Ireland celebrates first smoke-free year

Ireland can breathe a smoke-free sigh of relief today when it marks the first anniversary of a pioneering ban on smoking, the success of which has inspired similar moves elsewhere. The ban on smoking in pubs, restaurants and workplaces, introduced on...

Ireland can breathe a smoke-free sigh of relief today when it marks the first anniversary of a pioneering ban on smoking, the success of which has inspired similar moves elsewhere.

The ban on smoking in pubs, restaurants and workplaces, introduced on March 29, 2004, had been expected to meet with widespread resistance in a country where the pub culture of a drink and a smoke were considered part of its lifeblood.

Instead, the sight of smokers puffing away outside pub doors has become familiar across Ireland, and the only haze wafting through bars these days comes from having one drink too many.

Similar laws had been introduced in cities and states like New York and California, but Ireland was the first country to introduce a nationwide ban. Malta, Norway and Italy have since followed suit.

"It's healthier," said bartender and non-smoker Paddy Martin, pouring pints at Foley's Bar, close to the Irish parliament buildings in Dublin. "I feel better when I go home."

Anti-smoking lobby group ASH reckons tobacco kills six times as many people in Ireland as road accidents, work accidents, drugs, murder, suicide and AIDs combined, and is a massive drain on health resources.

Prof. Luke Clancy, chairman of ASH's Irish branch, has said the ban could become the "health initiative of the century".

But not everyone has welcomed it. Some pub owners and drinks firms blame the ban for a drop-off in sales - bar revenues fell 6.3 per cent in the first nine months of 2004. Cigarette sales dropped about 18 per cent last year compared to a 10 per cent fall the previous year.

The subdued atmosphere in Foley's Bar - where only a handful of people were drinking quietly on Saturday night in a scene repeated in many other pubs outside Dublin's main tourist spots - seemed to back the claims.

But the decline of the Irish pub has more to do with high prices and lifestyle changes than the smoking ban, locals say.

"It's the smoke and the drink," said Mr Martin, handing over a half-pint of Guinness, which at €2.60 is one euro more expensive than buying a similar size can in an off-licence.

Alcoholic beverages - some 82 per cent above the eurozone average - cost more in Ireland than in any other European Union country, according to figures from Eurostat published last year.

The newly affluent Irish, enjoying the fruits of Ireland's Celtic Tiger boom in the late 1990s, increasingly choose a glass of wine in their own home over a pub-poured beer.

But for those smokers and drinkers who venture out for a taste of Ireland's famed "craic" (fun), the smoking ban can have some benefits.

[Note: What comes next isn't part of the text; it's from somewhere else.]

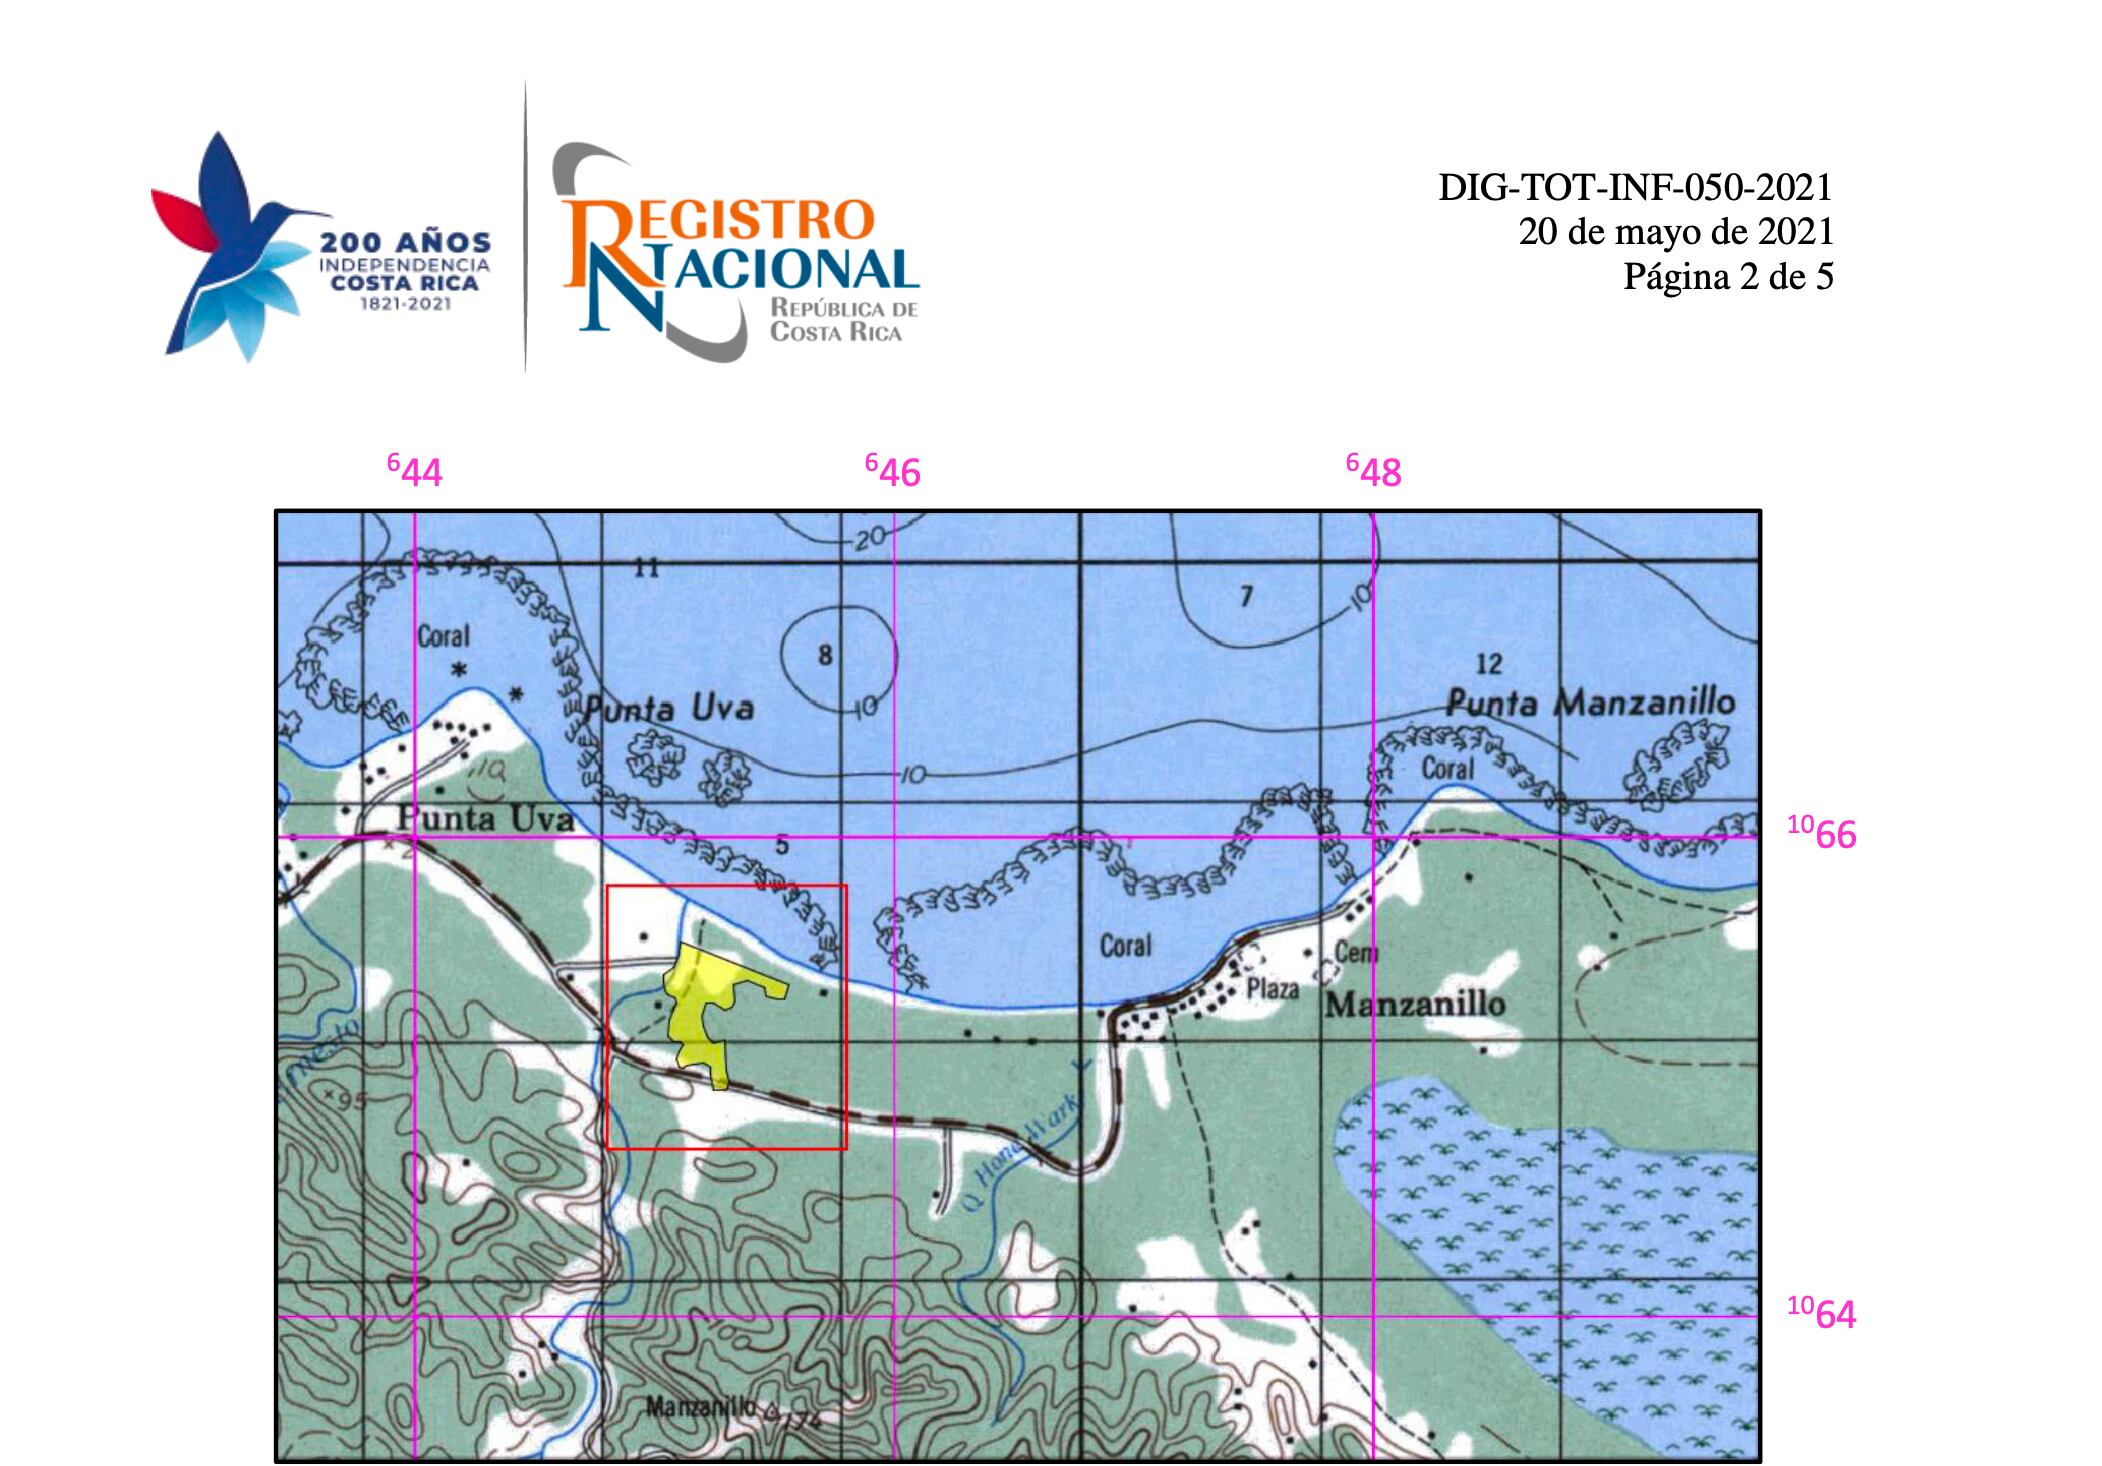 Parte del oficio DIG-TOT-0232-2021 del Registro Nacional emitido el 20 de mayo, donde aparece en amarillo la propiedad de Playa Manzanillo S. A. Fotografía: oficio DIG-TOT-0232-2021

"I've met more people standing outside and having a cig," said Sue Taylor, visiting Dublin from Yorkshire in England, standing outside a pub in the popular Temple Bar area.

"But I'd be barred from every pub in Britain if they introduced it because I wouldn't do it."

The success of Ireland's pioneering ban on smoking has inspired similar moves elsewhere.

2004 * March - Ireland imposes a nationwide ban on smoking in all workplaces, including pubs, bars and restaurants.

* May - India bans smoking in public places, tobacco advertising in media and sales to minors, after statistics showed smoking killed 2,200 people in India a day.

* June - Norway extends a ban on workplace smoking to bars and restaurants.

* October - Hong Kong announces plans to extend a ban on smoking to bars, restaurants and offices.

- Malta, bans smoking in all public places larger than 60 square metres. This will be extended to all public places irrespective of size from Friday.

* November - Scotland announces plans to ban smoking in enclosed public spaces by early next year. The British government announces plans for a public smoking ban across England and Wales from next year. The ban will cover all enclosed public places and workplaces, restaurants, and pubs and bars serving food.

- Russia's upper house of parliament approves a bill to restrict smoking in public places. The ban covers public transport and the workplace, and prevents the sale of tobacco in health, sports and cultural centres or near schools.

* December - New Zealand extends a 1990 ban on smoking in offices, shops and public buildings to pubs, clubs, restaurants, and school grounds.

- The Himalayan kingdom of Bhutan bans smoking in public and prohibits tobacco sales, the first country in the world to do so.

2005: * January - Italy bans smoking in enclosed public spaces.

* February - Cuba bans smoking in offices, stores, theatres, buses and taxis, schools, sports facilities and air-conditioned public areas.

* March - Parliament in Bangladesh passes a law implementing a smoking ban in places such as schools, offices, libraries, hospitals and airports. It also prohibits advertisement of tobacco products in cinemas, newspapers or on television.